+++ Given information +++

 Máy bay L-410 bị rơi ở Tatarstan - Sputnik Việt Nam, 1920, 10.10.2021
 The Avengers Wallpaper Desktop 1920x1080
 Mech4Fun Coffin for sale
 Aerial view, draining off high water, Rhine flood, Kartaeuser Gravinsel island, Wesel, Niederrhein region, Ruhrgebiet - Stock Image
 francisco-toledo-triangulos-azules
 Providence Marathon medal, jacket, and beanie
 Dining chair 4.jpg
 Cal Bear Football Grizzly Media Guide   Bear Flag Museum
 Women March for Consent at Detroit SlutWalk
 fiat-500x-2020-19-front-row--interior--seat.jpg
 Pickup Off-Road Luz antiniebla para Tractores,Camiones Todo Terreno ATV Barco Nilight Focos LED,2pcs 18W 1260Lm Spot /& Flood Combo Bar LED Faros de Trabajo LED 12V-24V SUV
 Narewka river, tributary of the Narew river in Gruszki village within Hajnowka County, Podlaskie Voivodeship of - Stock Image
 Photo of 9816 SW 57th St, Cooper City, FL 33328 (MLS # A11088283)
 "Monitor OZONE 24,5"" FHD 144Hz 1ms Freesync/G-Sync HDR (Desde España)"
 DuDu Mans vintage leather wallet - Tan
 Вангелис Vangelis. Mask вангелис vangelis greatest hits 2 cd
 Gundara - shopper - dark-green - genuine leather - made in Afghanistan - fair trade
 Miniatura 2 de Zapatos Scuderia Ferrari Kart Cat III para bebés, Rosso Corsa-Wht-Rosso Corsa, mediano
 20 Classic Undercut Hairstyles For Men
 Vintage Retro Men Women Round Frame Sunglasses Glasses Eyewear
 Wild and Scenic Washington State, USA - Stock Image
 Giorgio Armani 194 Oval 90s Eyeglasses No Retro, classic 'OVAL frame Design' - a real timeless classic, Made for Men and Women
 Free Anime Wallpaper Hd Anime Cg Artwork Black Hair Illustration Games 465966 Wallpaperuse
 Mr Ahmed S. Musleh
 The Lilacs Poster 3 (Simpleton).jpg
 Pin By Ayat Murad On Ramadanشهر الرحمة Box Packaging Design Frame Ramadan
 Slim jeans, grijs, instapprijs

+++

**Task requirements**
The data above should be returned exactly as written.

**Response to the exercise**
 Máy bay L-410 bị rơi ở Tatarstan - Sputnik Việt Nam, 1920, 10.10.2021
 The Avengers Wallpaper Desktop 1920x1080
 Mech4Fun Coffin for sale
 Aerial view, draining off high water, Rhine flood, Kartaeuser Gravinsel island, Wesel, Niederrhein region, Ruhrgebiet - Stock Image
 francisco-toledo-triangulos-azules
 Providence Marathon medal, jacket, and beanie
 Dining chair 4.jpg
 Cal Bear Football Grizzly Media Guide   Bear Flag Museum
 Women March for Consent at Detroit SlutWalk
 fiat-500x-2020-19-front-row--interior--seat.jpg
 Pickup Off-Road Luz antiniebla para Tractores,Camiones Todo Terreno ATV Barco Nilight Focos LED,2pcs 18W 1260Lm Spot /& Flood Combo Bar LED Faros de Trabajo LED 12V-24V SUV
 Narewka river, tributary of the Narew river in Gruszki village within Hajnowka County, Podlaskie Voivodeship of - Stock Image
 Photo of 9816 SW 57th St, Cooper City, FL 33328 (MLS # A11088283)
 "Monitor OZONE 24,5"" FHD 144Hz 1ms Freesync/G-Sync HDR (Desde España)"
 DuDu Mans vintage leather wallet - Tan
 Вангелис Vangelis. Mask вангелис vangelis greatest hits 2 cd
 Gundara - shopper - dark-green - genuine leather - made in Afghanistan - fair trade
 Miniatura 2 de Zapatos Scuderia Ferrari Kart Cat III para bebés, Rosso Corsa-Wht-Rosso Corsa, mediano
 20 Classic Undercut Hairstyles For Men
 Vintage Retro Men Women Round Frame Sunglasses Glasses Eyewear
 Wild and Scenic Washington State, USA - Stock Image
 Giorgio Armani 194 Oval 90s Eyeglasses No Retro, classic 'OVAL frame Design' - a real timeless classic, Made for Men and Women
 Free Anime Wallpaper Hd Anime Cg Artwork Black Hair Illustration Games 465966 Wallpaperuse
 Mr Ahmed S. Musleh
 The Lilacs Poster 3 (Simpleton).jpg
 Pin By Ayat Murad On Ramadanشهر الرحمة Box Packaging Design Frame Ramadan
 Slim jeans, grijs, instapprijs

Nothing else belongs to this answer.